The Challenges of the MVNO Business Model in Canada

by Istvan Fekete on January 12, 2015

The recent regulation of wholesale roaming rates brought a welcome fix to what we often referred to as a highly uncompetitive mobile landscape, but it failed to address some of the issues: The incumbent wireless players, for example, have no obligation to lease network access to competitors that don’t have a network of their own, reports the Globe and Mail.

You may recall that during the CRTC’s public hearing on the topic of wholesale roaming prices, Cogeco Cable argued that Canada lacks a “proliferation of independent MVNOs”. Simply put, the MVNO business model means a branded reseller buying a service from an established carrier, and marketing and billing under its own brand, typically at a discounted price.

“Because MVNOs do not operate their own networks, they are, to a certain extent, at the mercy of the operators who own the mobile infrastructure, with whom they must contract for service,” Justice Myers wrote, adding: “As anyone who owns a mobile phone in Canada will know, the number of operators is limited.”

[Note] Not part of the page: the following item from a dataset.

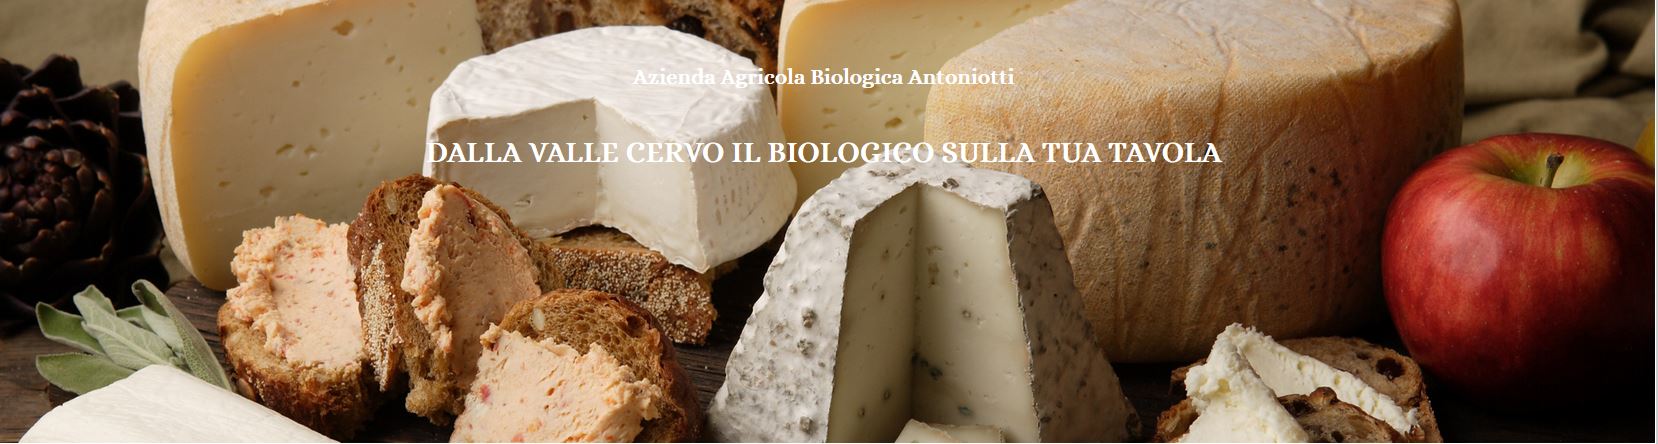 Azienda Agricola Biologia Antoniotti
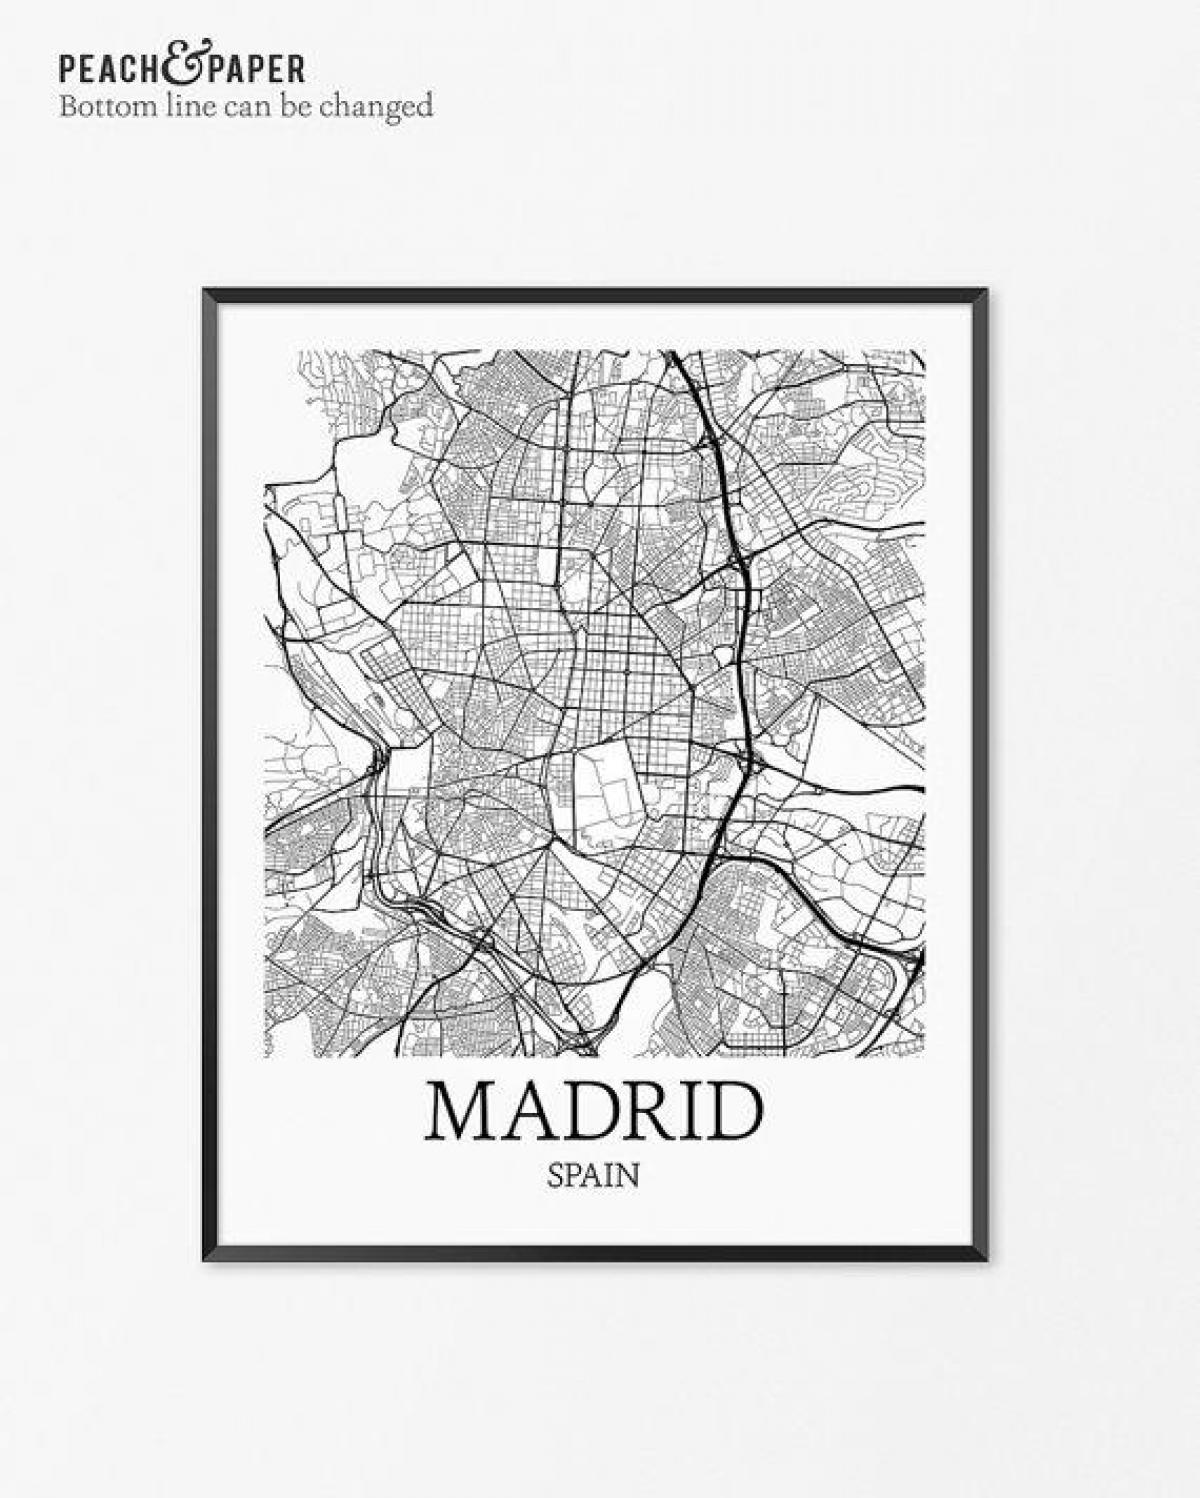 מפה של מדריד מפת פוסטר

These businesses do not own a wireless network of their own. A recent divorce case between Mark Reid, cofounder of MNVO Cityfone Telecommunications Inc., and his wife, Denise (not involved in the company), involving Rogers, Telus’ vice president of corporate development Stephen Lewis, and Wind Mobile’s Anthony Lacavera reveals the fate of these businesses in Canada, as there is a lack of rules mandating wholesale access.

Shortly after Cityfone inked a deal with Rogers, the company was valued at $2.9 million. However, as mentioned before, the MVNO business model means you are totally dependent on the incumbent player, which obviously locked the reseller into a five-year exclusive agreement. This, of course, narrowed Cityfone’s possibilities for a possible buyer as well, alongside the need of approval from Rogers for any marketing campaign they wanted to launch.

Fast forward to 2010: Telus showed interest in acquiring Cityfone, but since Rogers reserved the right to first refusal, it ultimately acquired the company for $26 million.

While this can be presented as a success story, the sad part is Cityfone’s failure to reach its marketing goals: It projected 100,000 customers by 2010, but it hardly counted 42,000 at the time of the purchase. But this shouldn’t surprise anyone with knowledge of the Canadian wireless landscape: Just look at Public Mobile and recall Wind Mobile’s initial goals.